思路:將'('轉爲1,將')'轉爲-1,然後對字符串遍歷一遍,設置sum = 0,進行累加,對於符合題目要求的字符串,應該滿足:① 除去最後那個字符,在遍歷過程中,sum應該始終>=0 ② 遍歷完成後,sum應該剛好=0
基於這種要求,填充'?’時可以採取貪心策略,開始儘可能使sum大,這樣sum纔會始終保持在0之上。這樣的話,開始時,儘可能使'?'匹配爲'(',這樣sum會加1.
總結:這種方法很巧妙,對於括號匹配問題,該方法具有一般性:將'('轉爲1,將')'轉爲-1,初始sum=0,遍歷字符串,累加到sum中
① 當sum < 0 =》該字符串不可能會完全匹配
② 當sum > 0 =》該字符串有可能會完全匹配(添加')')
③ 當sum = 0 =》 截止到sum=0時的下標時,字符串剛好完全匹配
代碼:
#pragma comment(linker, "/STACK:1024000000,1024000000")
#include <map>
#include <set>
#include <stack>
#include <cmath>
#include <queue>
#include <vector>
#include <cstdio>
#include <string>
#include <cstring>
#include <sstream>
#include <iostream>
#include <algorithm>
#define Fin freopen("in.txt","r",stdin)
#define Fout freopen("out.txt","w",stdout)
#define Case(T) int T;for(scanf("%d",&T);T--;)
#define fo(i,a,b) for(int i = a; i < b; ++i)
#define fd(i,a,b) for(int i = a; i >= b; --i)

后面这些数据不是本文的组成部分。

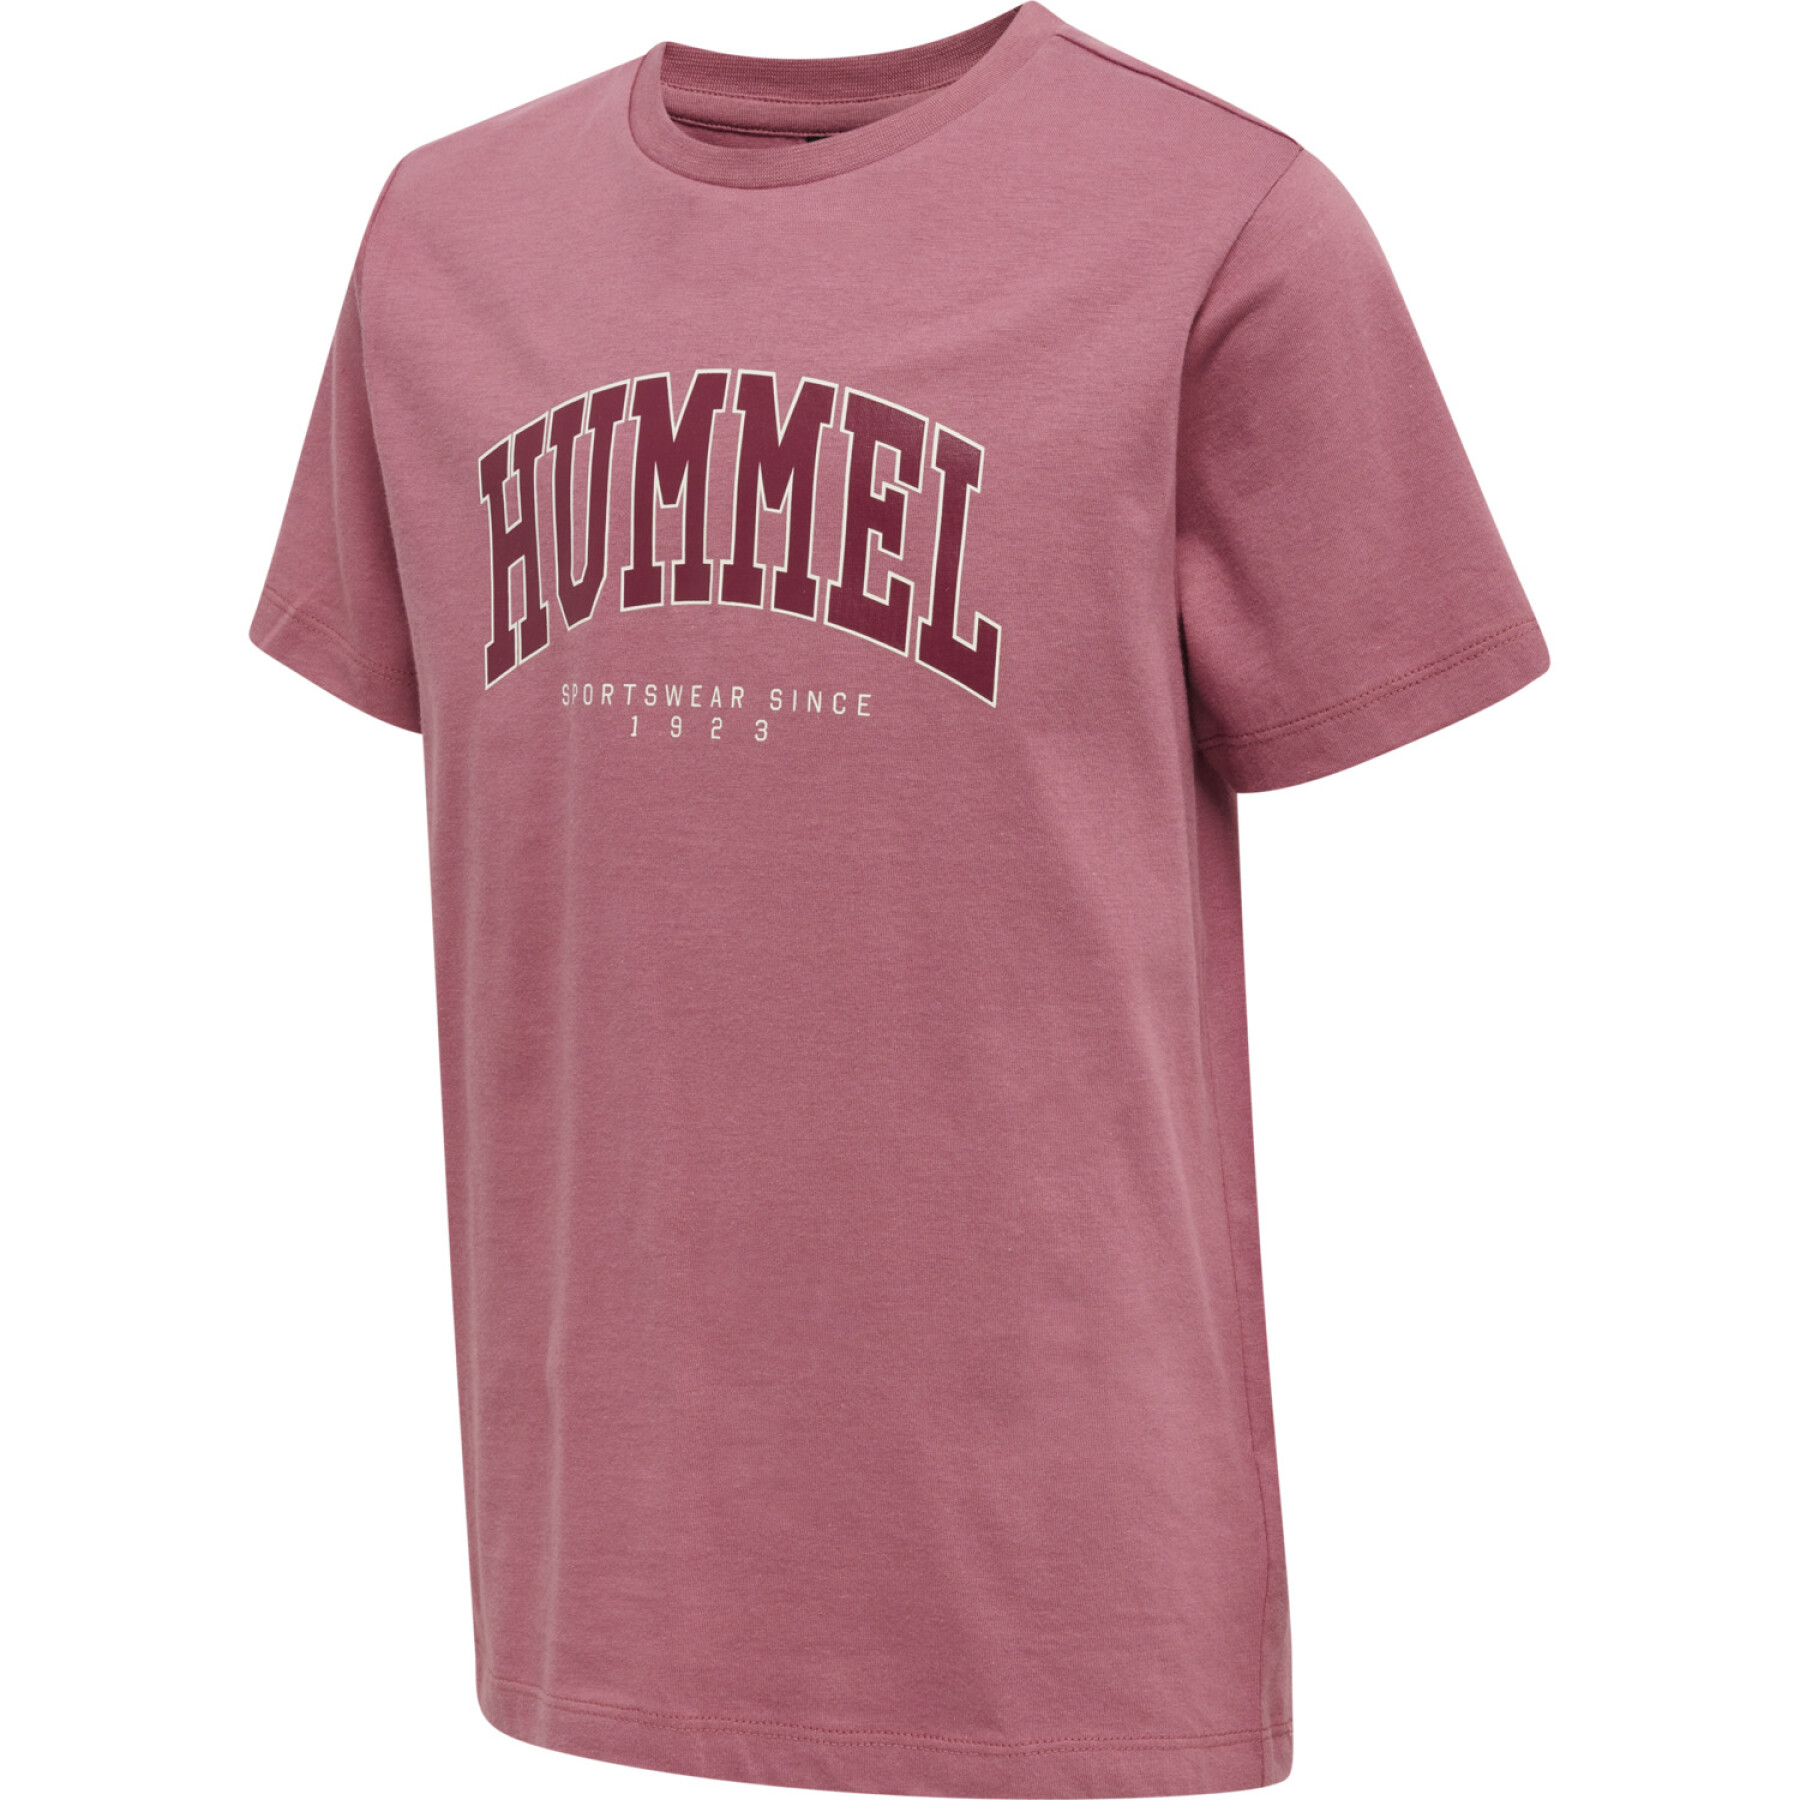 Kinder-T-shirt Hummel Fast

#define me(a,b) memset(a,b,sizeof(a))
#define fi(a,n,val) fill(a,a+n,val)
#define Scand(n) scanf("%d",&n)
#define Scand2(a,b) scanf("%d%d",&a,&b)
#define Scand3(a,b,c) scanf("%d%d%d",&a,&b,&c)
#define Scand4(a,b,c,d) scanf("%d%d%d%d",&a,&b,&c,&d)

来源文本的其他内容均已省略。